こだわりの原材料でおいしいスイーツを開発
 スイーツの商品開発は、大学在学中に家業に携わることを決意した三男の大地さん主導で進められた。「帰省した時に両親から店を作る計画を聞きました。2人とも50歳を過ぎていましたが、常に前を向いている姿がすばらしく、自分もそんな生き方をしたいと思いました」。
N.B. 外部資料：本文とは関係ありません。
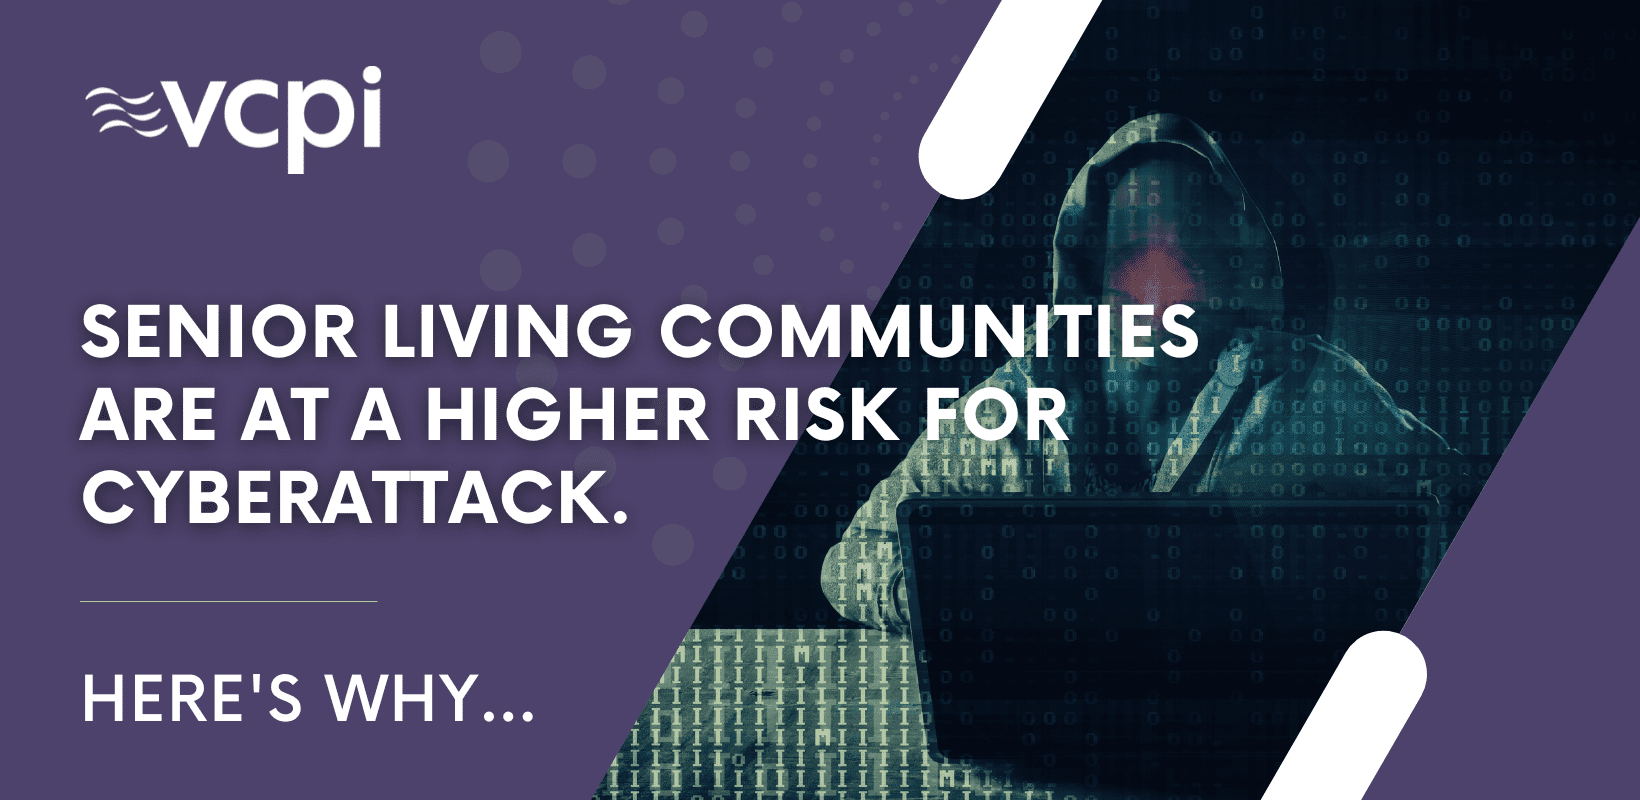 Senior living communities are at a higher risk for cyberattack. Cybercriminals specifically target the healthcare industry, including nursing homes and senior living facilities, due to the sensitive and valuable data they possess and their inadequate network security measures.

 大学卒業後、大地さんはプロのパティシエからスイーツ作りの基本を教わり、何度も試作を重ねた。「当初は体によいことを突き詰めて、味が二の次になっていました。でも、『おいしく笑って健康で』と農園の理念にあるように、まずおいしくなければ笑顔にはなれません。原材料には自家産の特別栽培米(無農薬の米)や生きた麹などを使用し、添加物は使わず、納得できる味を追求しました」。


加工品の製造・販売で米の付加価値を高める
 店舗で販売されているスイーツは、開店時から人気を誇る米粉100%のシフォンケーキやロールケーキ、焼き菓子、プリン(自家製味噌入り)、麹のレアチーズなど。味噌は定番の「朝日みそ」や玄米麹を使った「玄米みそ」のほか、「柚子味噌」「胡麻味噌」「山椒味噌」などの田楽味噌も展開している。味噌作り体験には年間500件近くの申し込みがあり、観光ルートにも組み込まれ、県外や海外からの参加者も増加。出張味噌作り教室も継続して行っている。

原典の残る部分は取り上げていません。